Осень в том году была тёплой и многие из соседей Якова устремлялись на дачи ловить последние мгновения ласковых солнечных лучей и собирать долгожданный урожай, оттого казалось, что он остался совершенно один в их доме. За последние месяцы Яков настолько привык, даже если сначала не хотел этого признавать, жить с кем-то, и теперь безлюдная, так резко опустевшая квартира казалась чужим неживым местом, в котором он не должен был находится. 

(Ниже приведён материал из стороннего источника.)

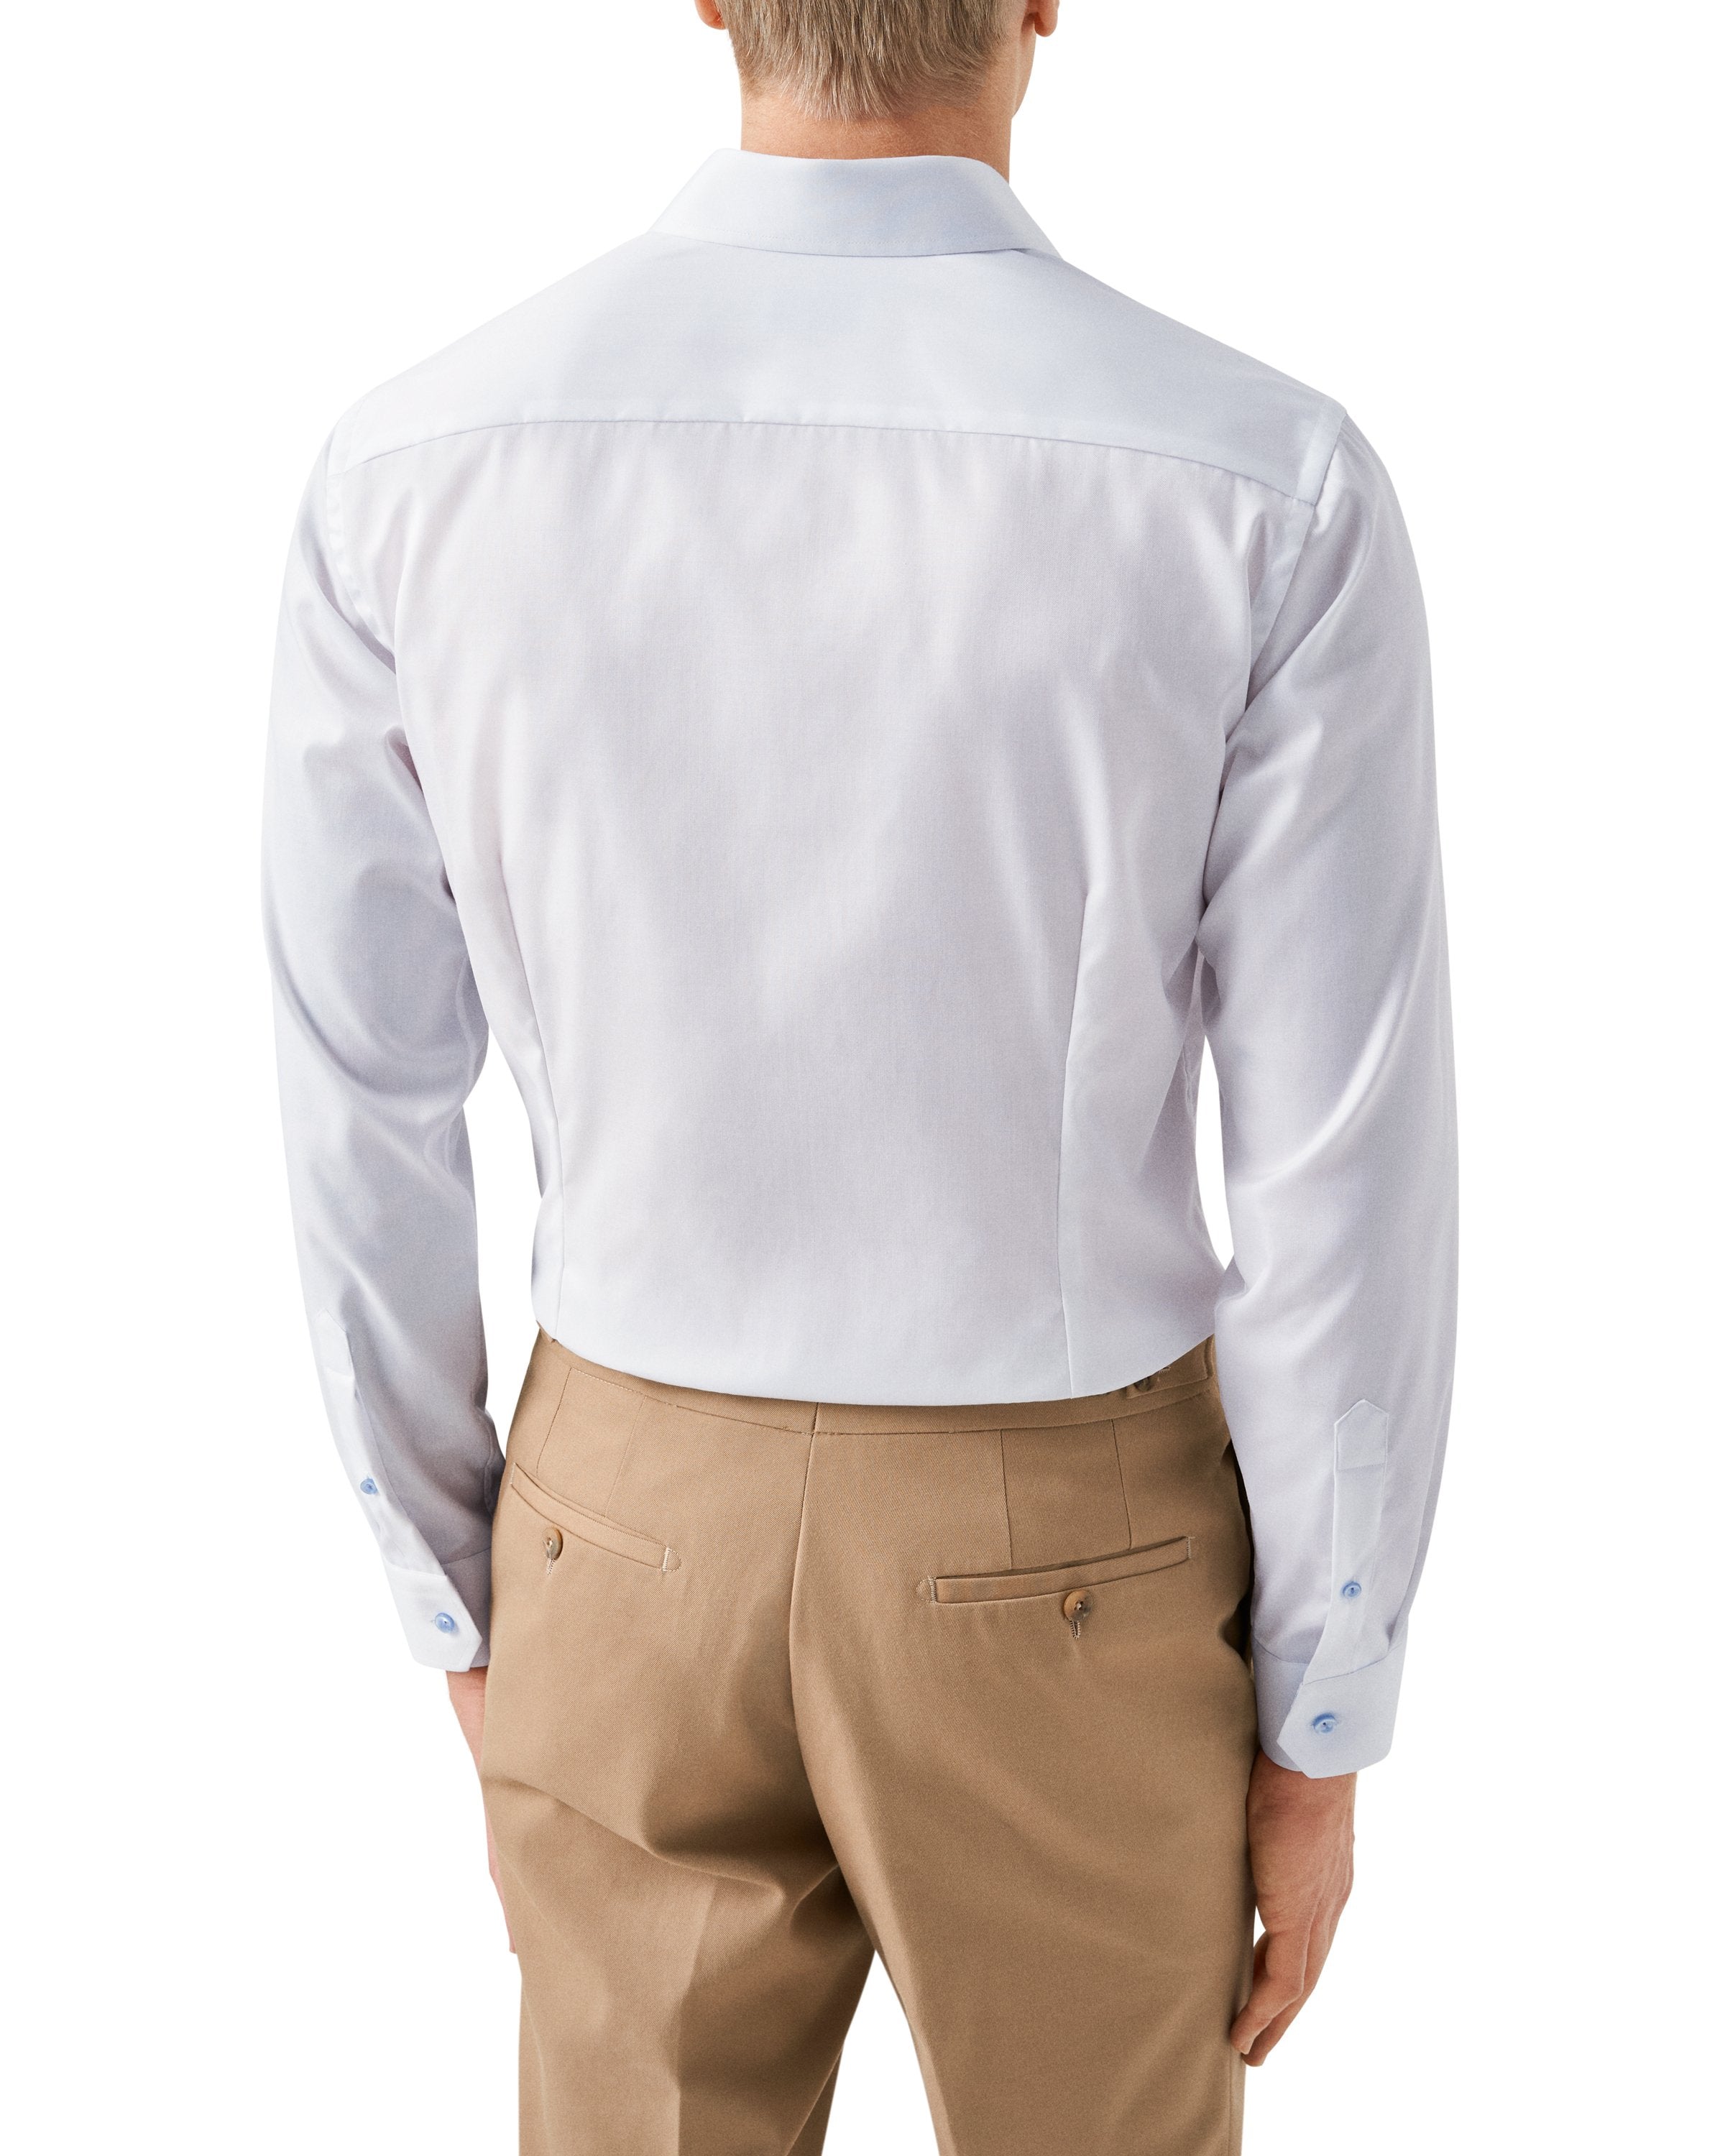 ETON - White CONTEMPORARY FIT Signature Twill Shirt - Geometric Contrast Details 10001210600

А ещё эта пустота, обволакивая час за часом, заставляла его смирится, осознать, что теперь он действительно остался один. Рядом с ним больше не было человека, который мог бы приласкать, успокоить после кошмара, приготовить чай так, как надо, закружить в танце, поставив любимую пластинку. Не было и не будет. Он не верил, что сможет ещё раз так…влюбиться? Довериться? Позволить другому человеку занять место настолько глубоко в сердце? Такого больше точно не произойдёт. Яков не знал, но чувствовал, что его золотой билет уже был использован, самая удачная партия сыграна и подобное не повторится. А искать иное, когда ты уже имел лучшее? Лучшее враг хорошего, и по-другому никак. После подобного ничего меньшего он просто не желал. И вообще желать боялся, потому что знал — у всего есть цена и конец. А Яков не был уверен, что сможет пережить ещё один такой конец.

 

Потихоньку выжженная отчаянием пустошь внутри него начала заполняться первыми ростками, которые сантиметр за сантиметром пробивали себе путь сквозь мрак и пепел. И, хотя осень традиционно считалась временем конца, предшествующего полному погружению во мрак зимы, для Якова она стала временем для начала новой жизни, где будет радость и будет грусть, только никто его больше не окликнет.